▶ WHAT TO WORK ON: Repeat the listing verbatim. Drop any pictures.

** DATASET CONTENT follows **

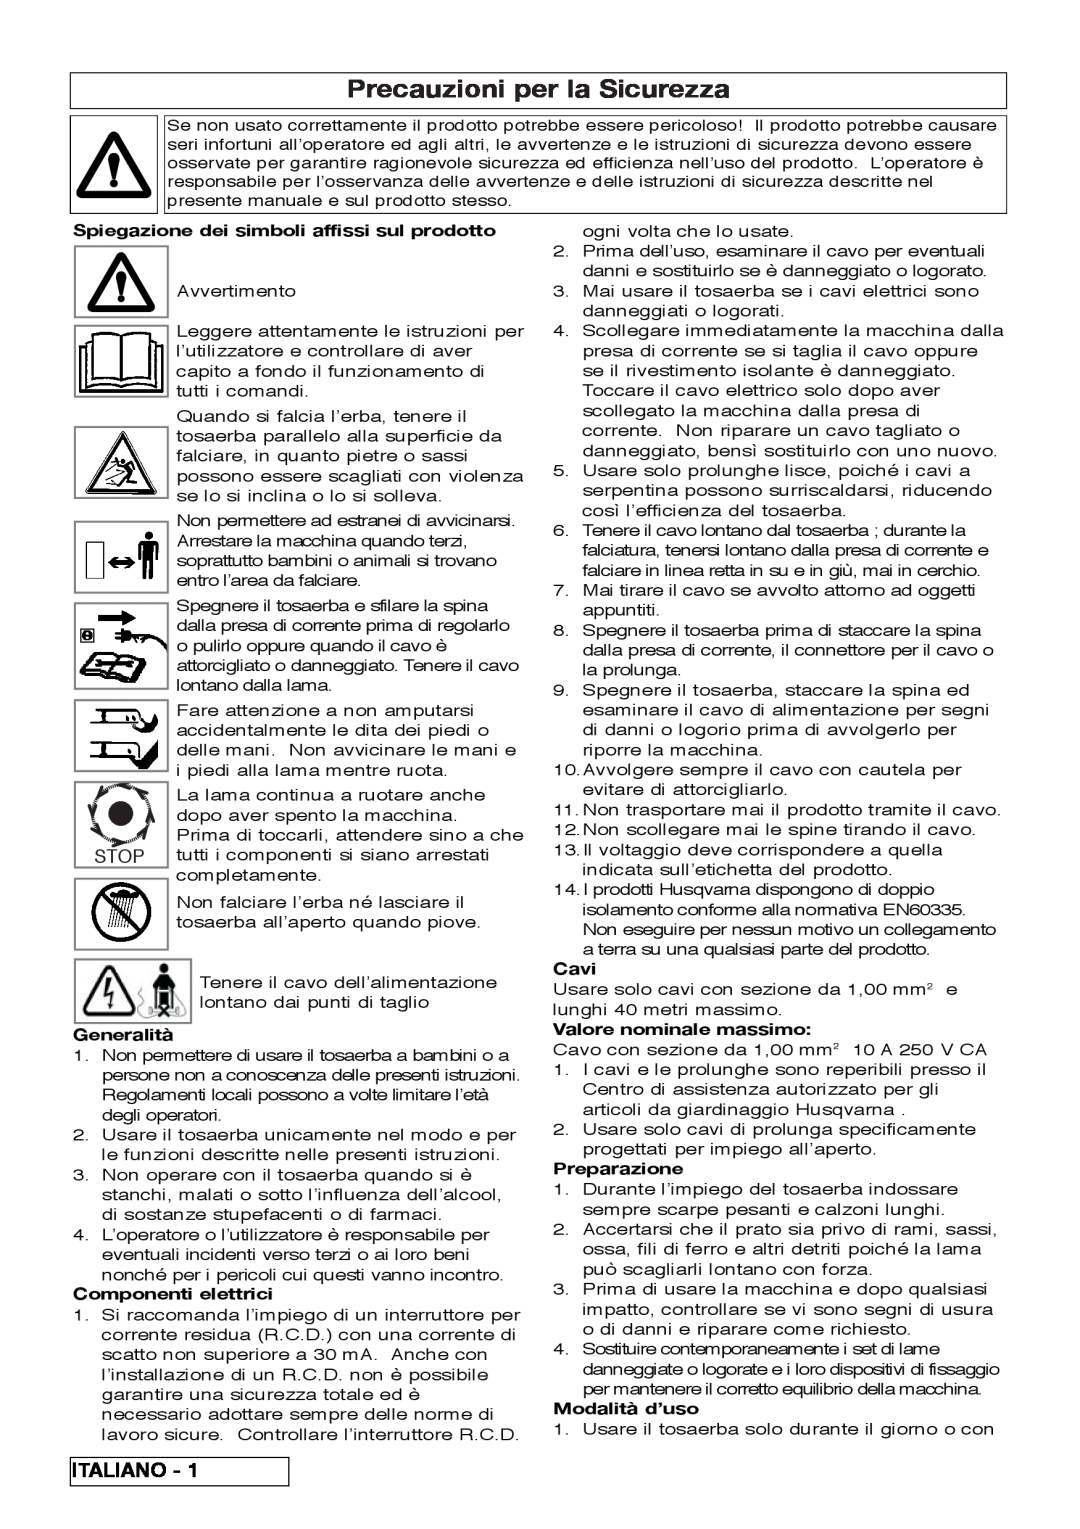 Flymo VM032 manual Precauzioni per la Sicurezza, Italiano, Spiegazione dei simboli affissi sul prodotto, Generalità, Cavi 
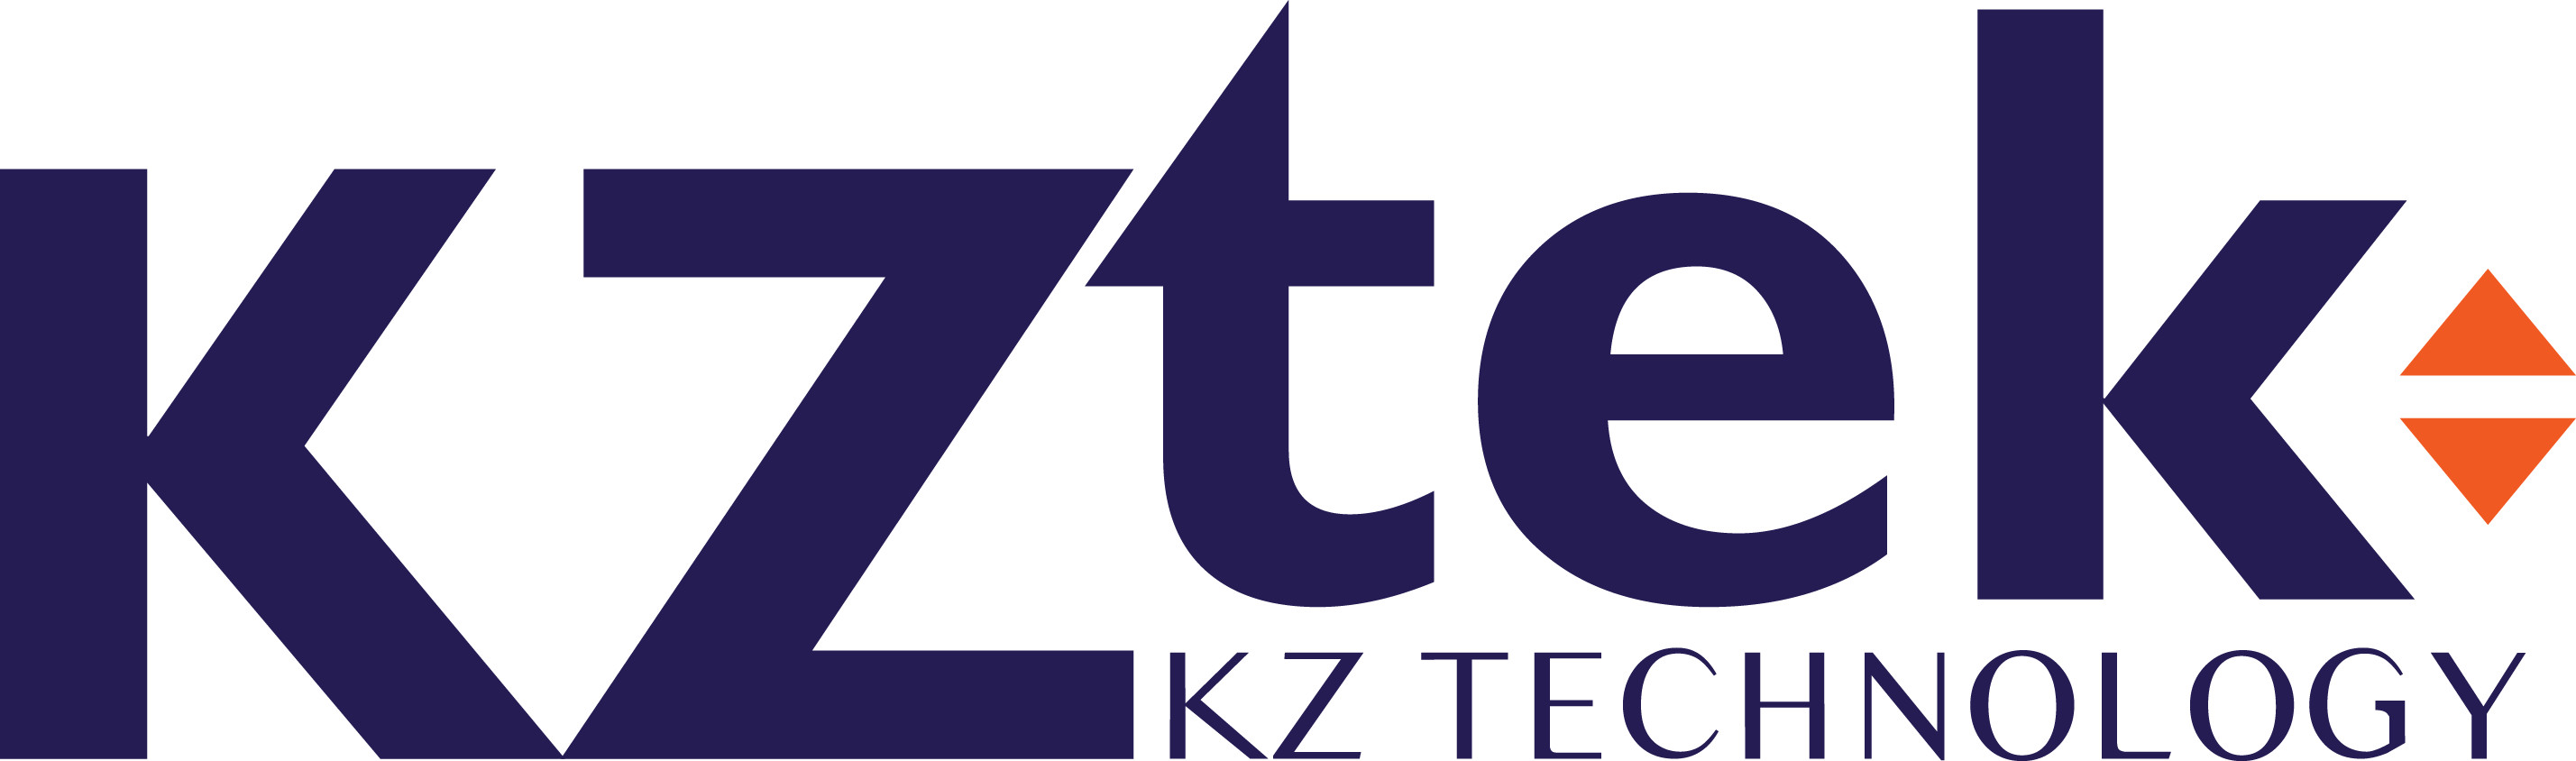 Công ty cổ phần đầu tư và phát triển KZTEK
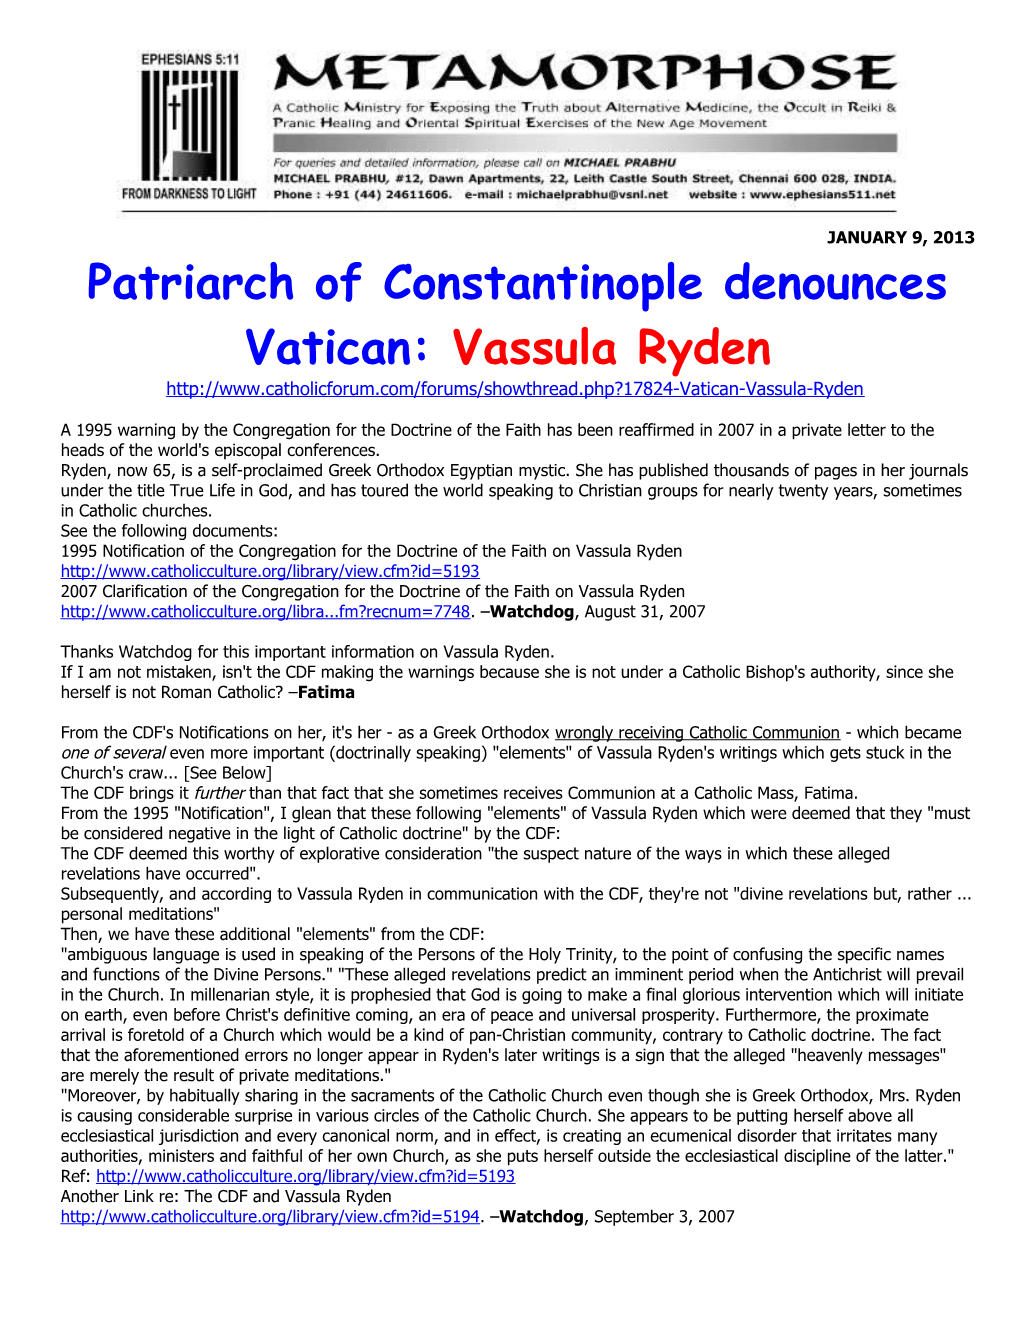 Patriarch of Constantinople Denouncesvatican:Vassula Ryden

** End of DATASET CONTENT **

▶ RESULT:
 Flymo VM032 manual Precauzioni per la Sicurezza, Italiano, Spiegazione dei simboli affissi sul prodotto, Generalità, Cavi 
 Công ty cổ phần đầu tư và phát triển KZTEK
 Patriarch of Constantinople Denouncesvatican:Vassula Ryden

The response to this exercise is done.